> Exercise
Take the listing below and output it exactly, with no images.

> Supplied information

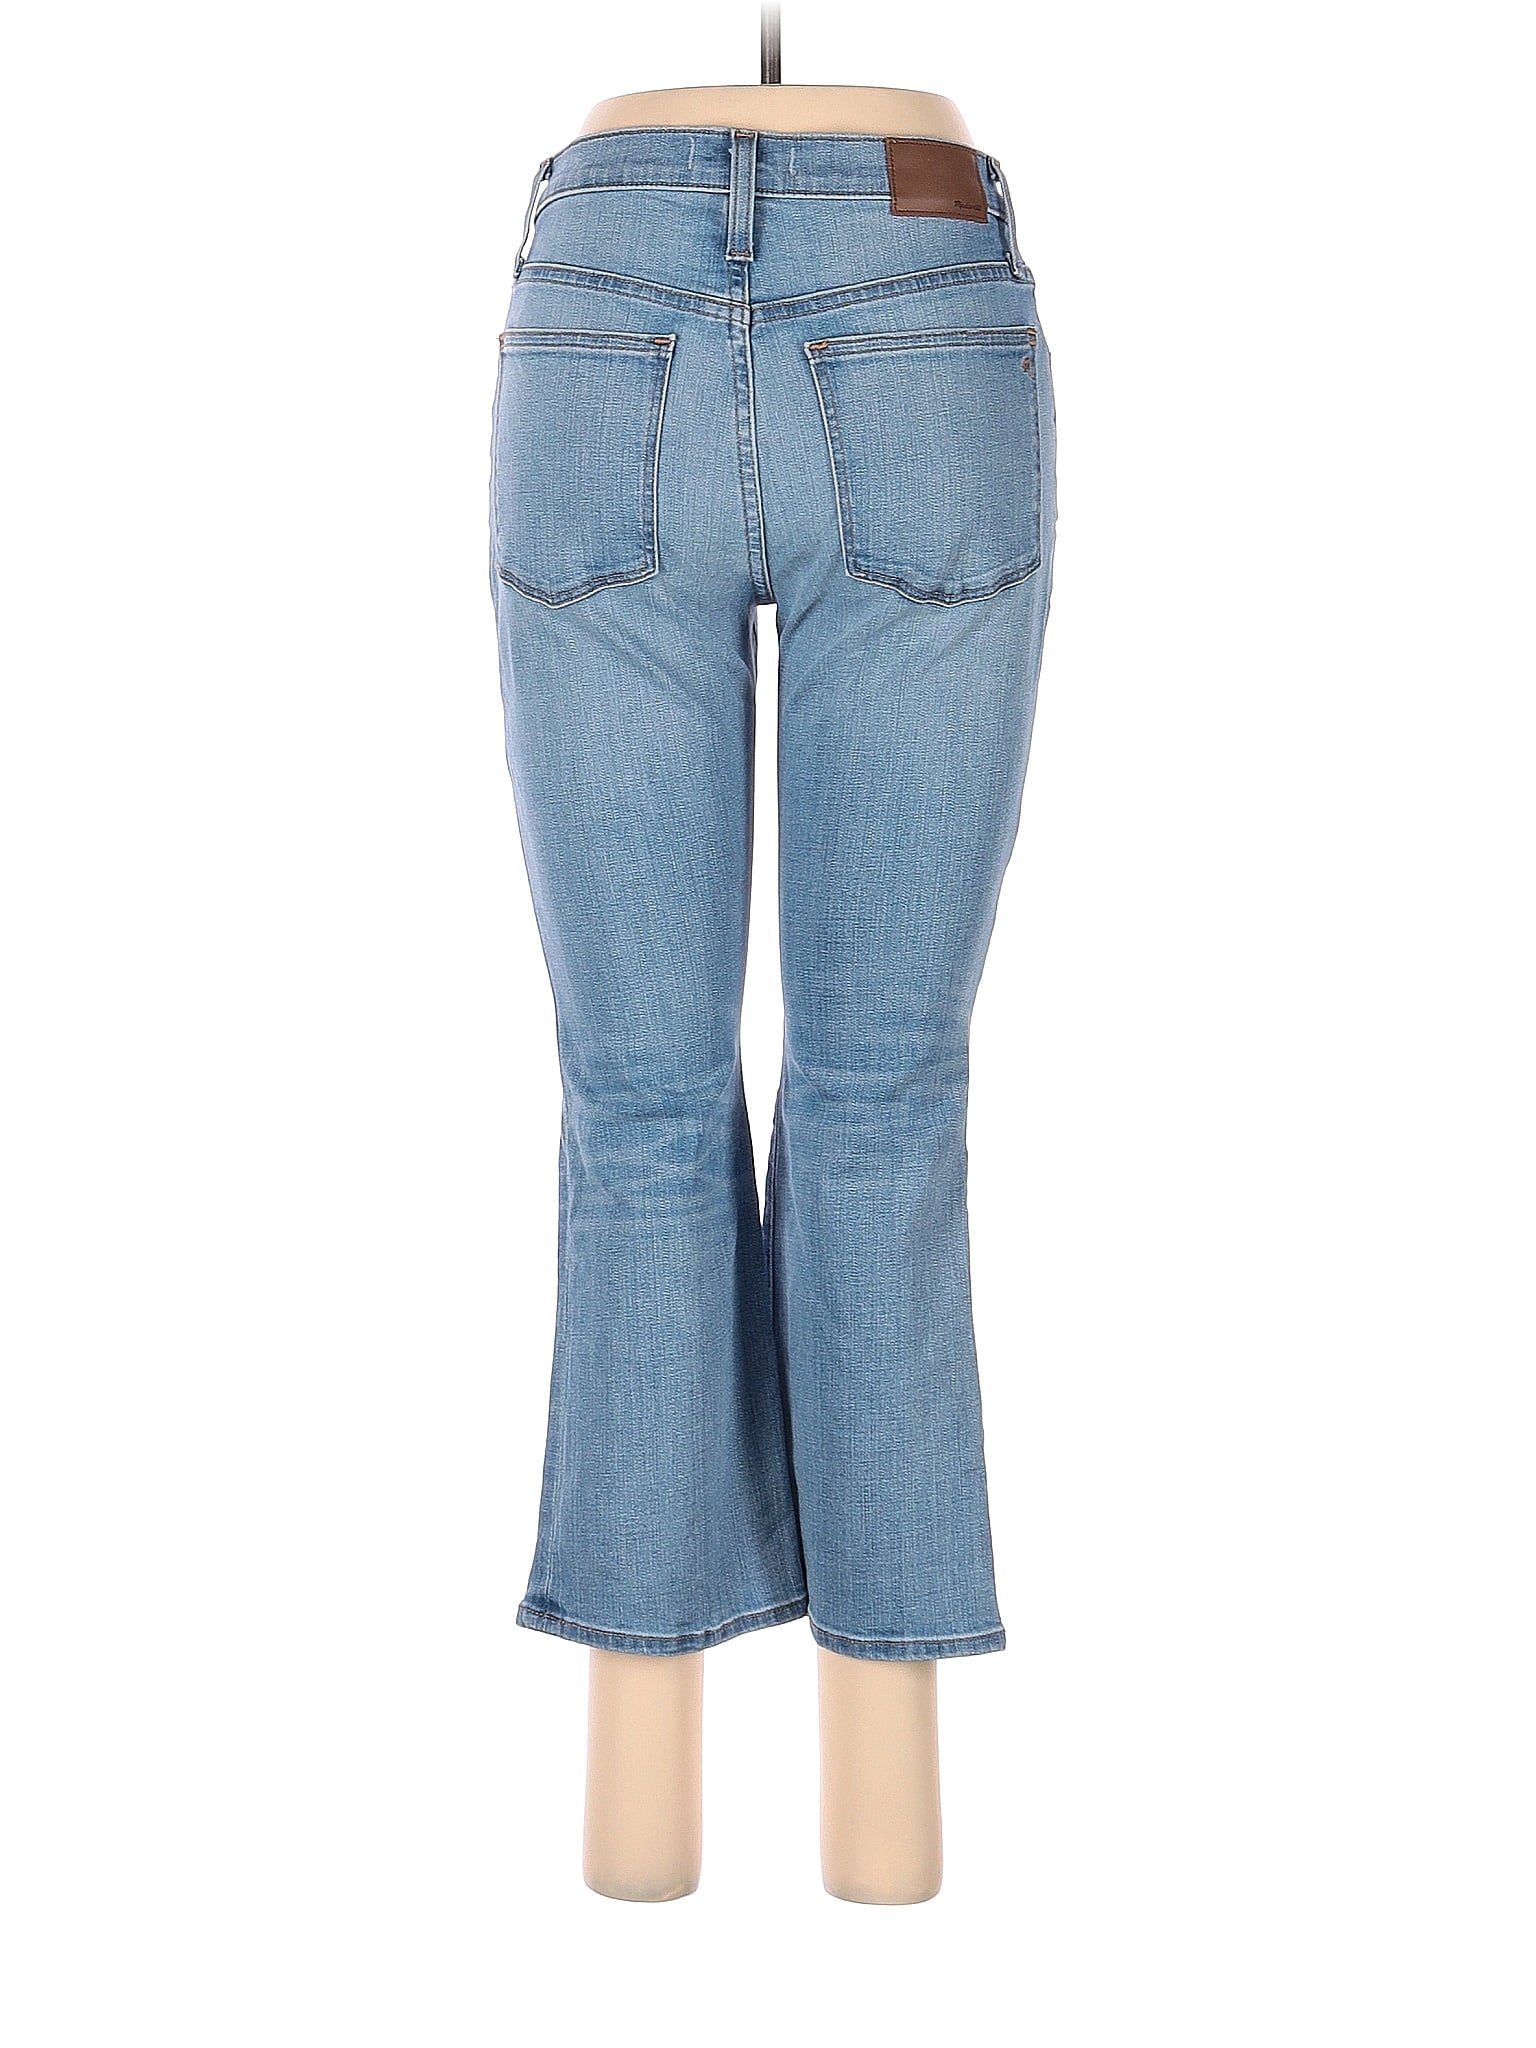 Mid-Rise Boyjeans Petite Cali Demi-Boot Jeans In Connolly Wash: Coolmax&reg; Denim Edition in Light Wash waist size - 27 P
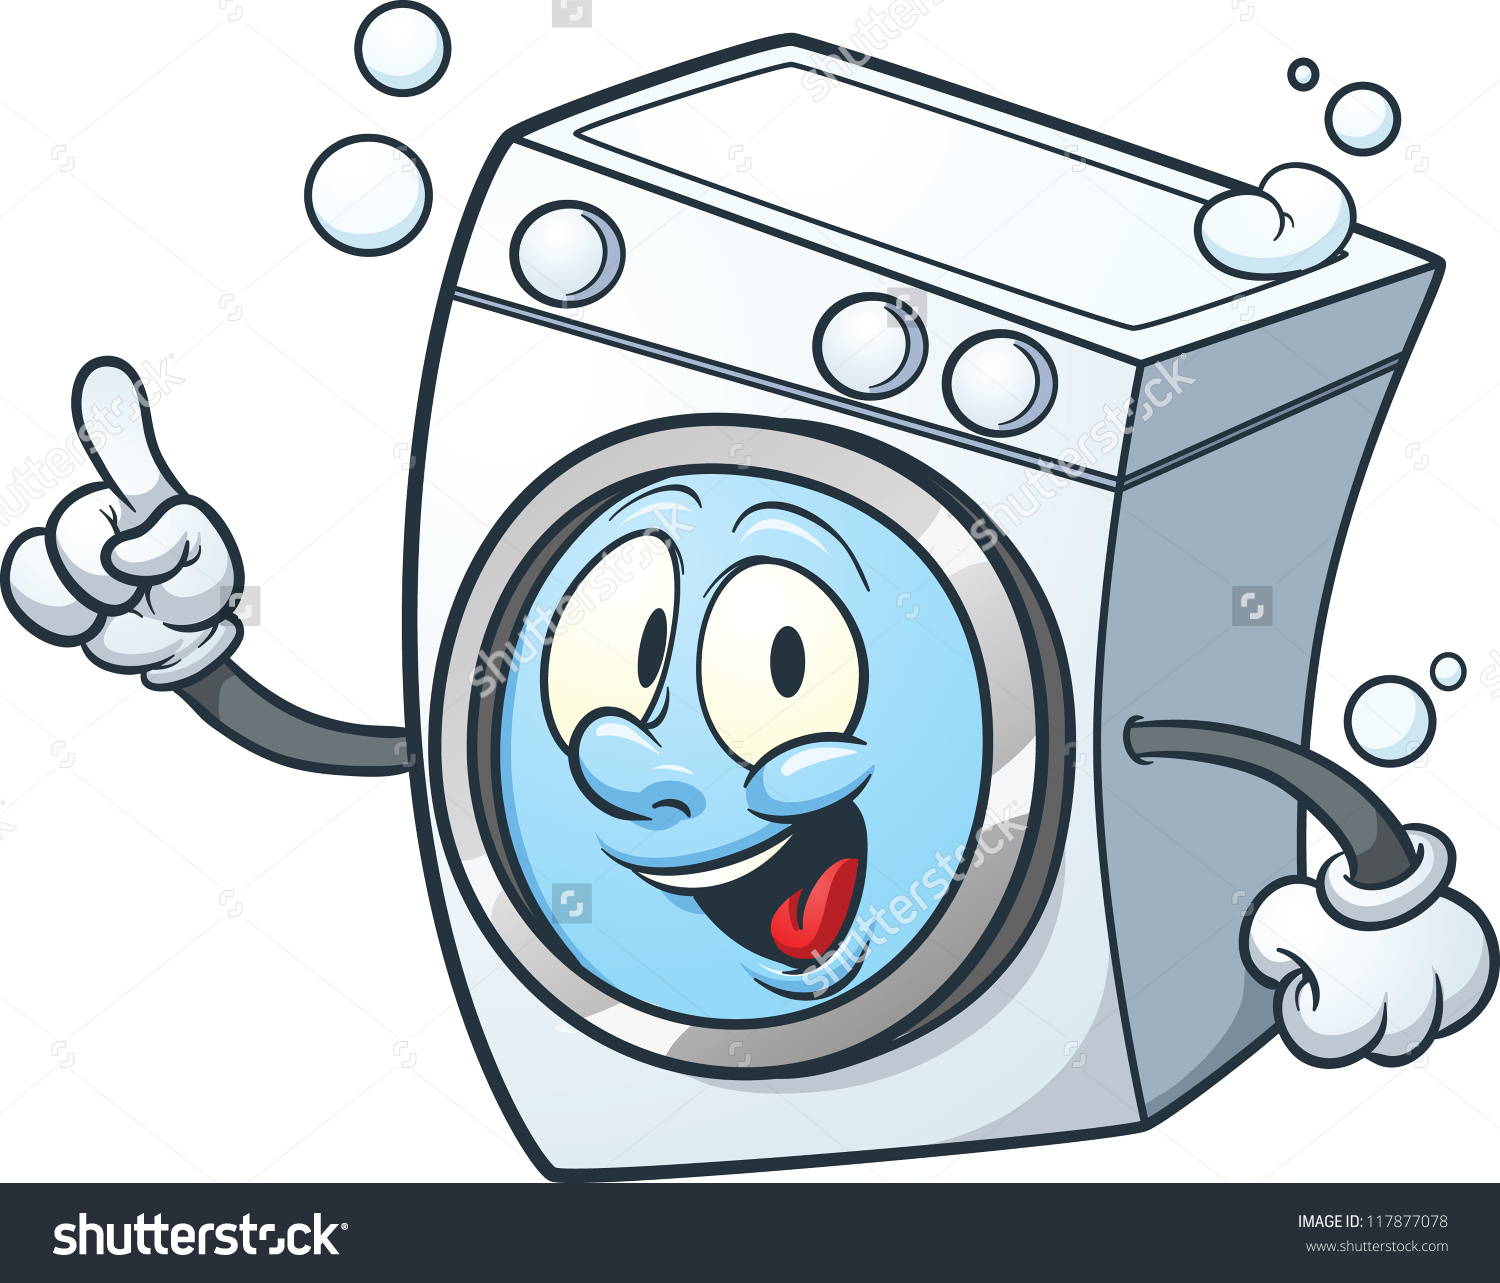 Washing Machine Clipart. Save to a lightbox
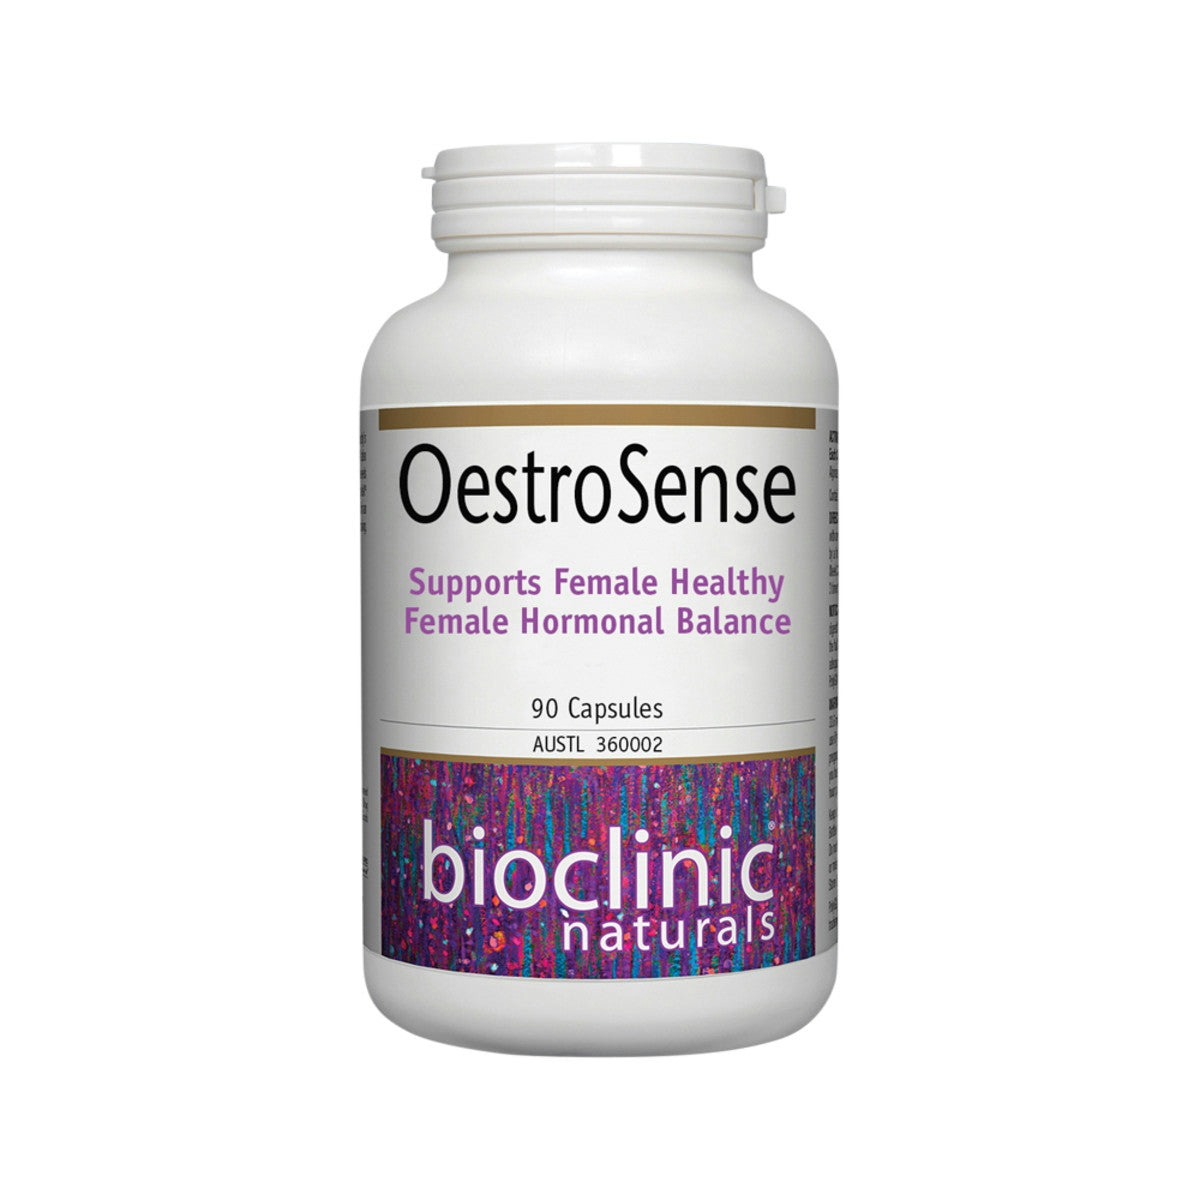 image of Bioclinic Naturals OestroSense 90c with a white background

> Response
 Mid-Rise Boyjeans Petite Cali Demi-Boot Jeans In Connolly Wash: Coolmax&reg; Denim Edition in Light Wash waist size - 27 P
 Washing Machine Clipart. Save to a lightbox
 image of Bioclinic Naturals OestroSense 90c with a white background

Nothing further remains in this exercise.